UM-SAM: Unsupervised Medical Image Segmentation Using Knowledge Distillation from Segment Anything Model
摘要
Despite the success of deep learning in automatic medical image segmentation, it heavily relies on manual annotations for training that are time-consuming to obtain. Unsupervised segmentation approaches have shown potential in eliminating manual annotations, while they often struggle to capture distinctive features for low-contrast and inhomogeneous regions, limiting their performance. To address this, we propose UM-SAM, a novel unsupervised medical image segmentation framework that harnesses Segment Anything Model (SAM)’s capabilities for pseudo-label generation and segmentation network training. Specifically, class-agnostic pseudo-labels are generated via SAM’s everything mode, followed by a shape prior-based filtering strategy to select valid pseudo-labels. Given SAM’s lack of class information, a shape-agnostic clustering technique based on ROI pooling is proposed to identify target-relevant pseudo-labels based on their proximity.

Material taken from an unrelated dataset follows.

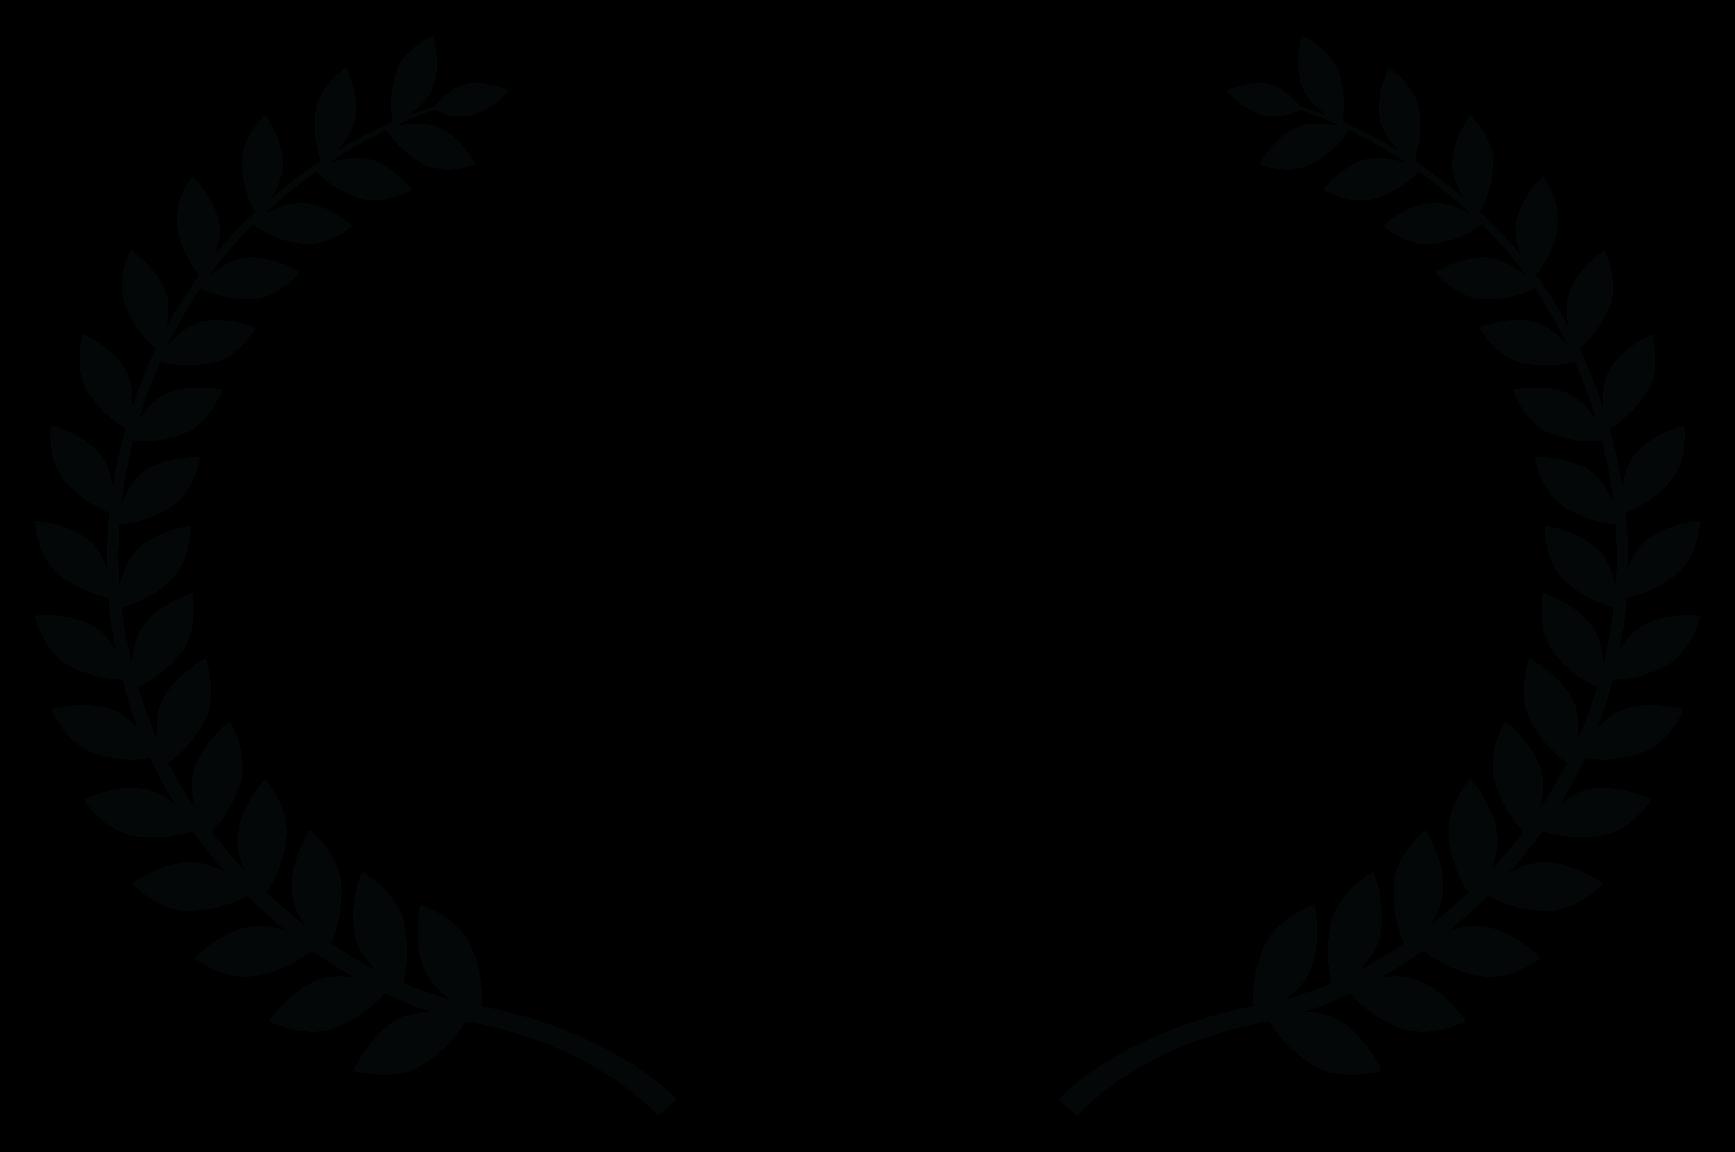 OFFICIAL SELECTION - Euro Fest European International Film Festival - 2021 (1)

To reduce the impact of noise in pseudo-labels, a triple Knowledge Distillation (KD) strategy is proposed to transfer knowledge from SAM to a lightweight task-specific segmentation model, including pseudo-label KD, class-level feature KD, and class-level contrastive KD. Extensive experiments on fetal brain and prostate segmentation tasks demonstrate that UM-SAM significantly outperforms existing unsupervised and prompt-based methods, achieving state-of-the-art performance without requiring manual annotations.